New school in Lacey will be called Salish Middle School
South Sound’s newest middle school finally has a name.
The North Thurston School Board voted 3-0 Tuesday night to name its fifth middle school Salish Middle School.
The district’s 10-member school naming committee presented its top choice at the board’s regular business meeting.
“We reviewed just right around 300 responses, and there emerged a very clear frontrunner,” Nisqually Middle School Principal Karen Owen, who will lead the new school, told the School Board.
Other top choices were Hawks Prairie Middle School, Medicine Creek Middle School and Meridian Middle School, she said.
Board members Aaron Owada and Leah Wells were absent from the meeting.
Salish Middle School will open next September at 8605 Campus Glen Drive NE, Lacey, in the Meridian Campus development.
Salish or a similar form such as Salish Reach and Salish Shores, was suggested about 35 times in a community survey conducted by the naming committee.

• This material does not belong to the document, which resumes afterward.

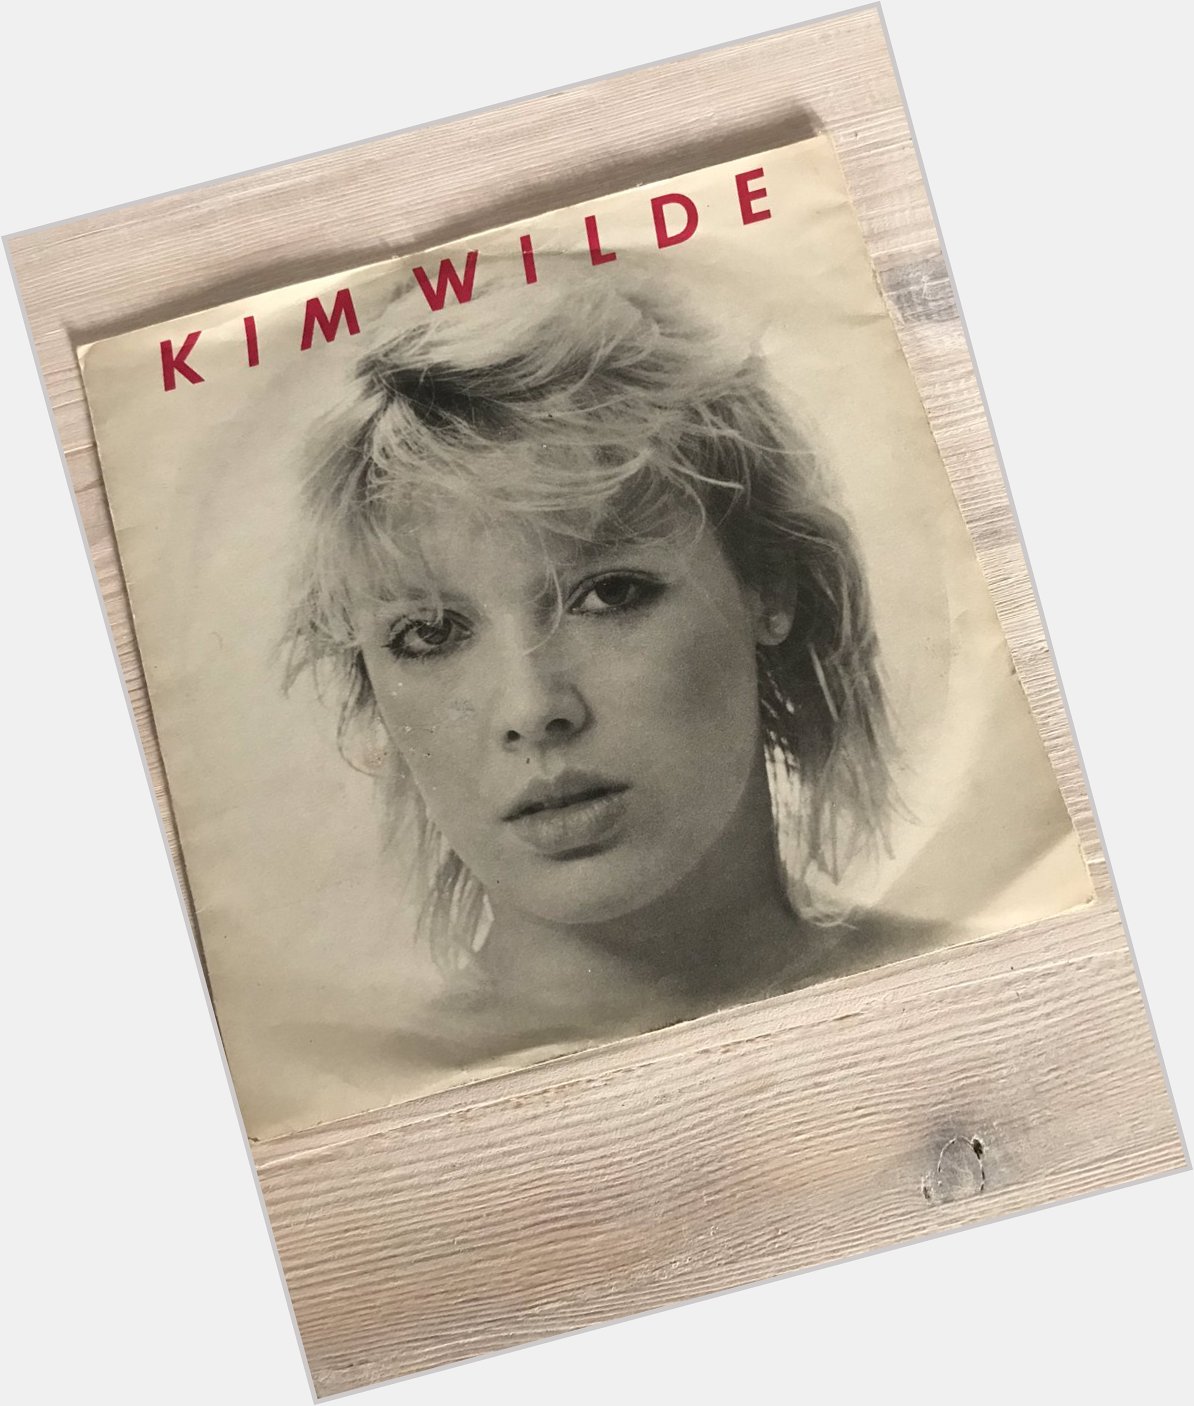 Happy birthday Kim Wilde

Salish is a word that represents a group of languages spoken by several tribes in the area, Owen said. The committee felt strongly that it needed to continue the district’s tradition of using a Native American name for its comprehensive middle schools, she said.
“The Nisqually tribal leadership also was consulted,” Owen added.
The $48 million, 109,000-square-foot school was designed by BCRA Architects of Tacoma. The project’s contractor is BNCC of Steilacoom. It’s being funded by a 20-year, $175 million bond that voters approved in February 2014, which generated money for the new middle school, upgrades or modernization projects at five schools and other capital improvements in the district.
The new name also inspired the school’s symbol: the raven.
The district’s other comprehensive middle schools are Chinook, Komachin and Nisqually. North Thurston also is home to Aspire Middle School for the Performing Arts.
Emma Richmond, 10, who lives in the neighborhood around the new school and will be part of its first sixth-grade class, said Salish Middle School was her top choice.
She said she liked the name because of its meaning and because it’s easy to spell.
“It’s not just one tribe — it covers several different communities,” added her mom, Lorrie Richmond, who served on the naming committee with her daughter.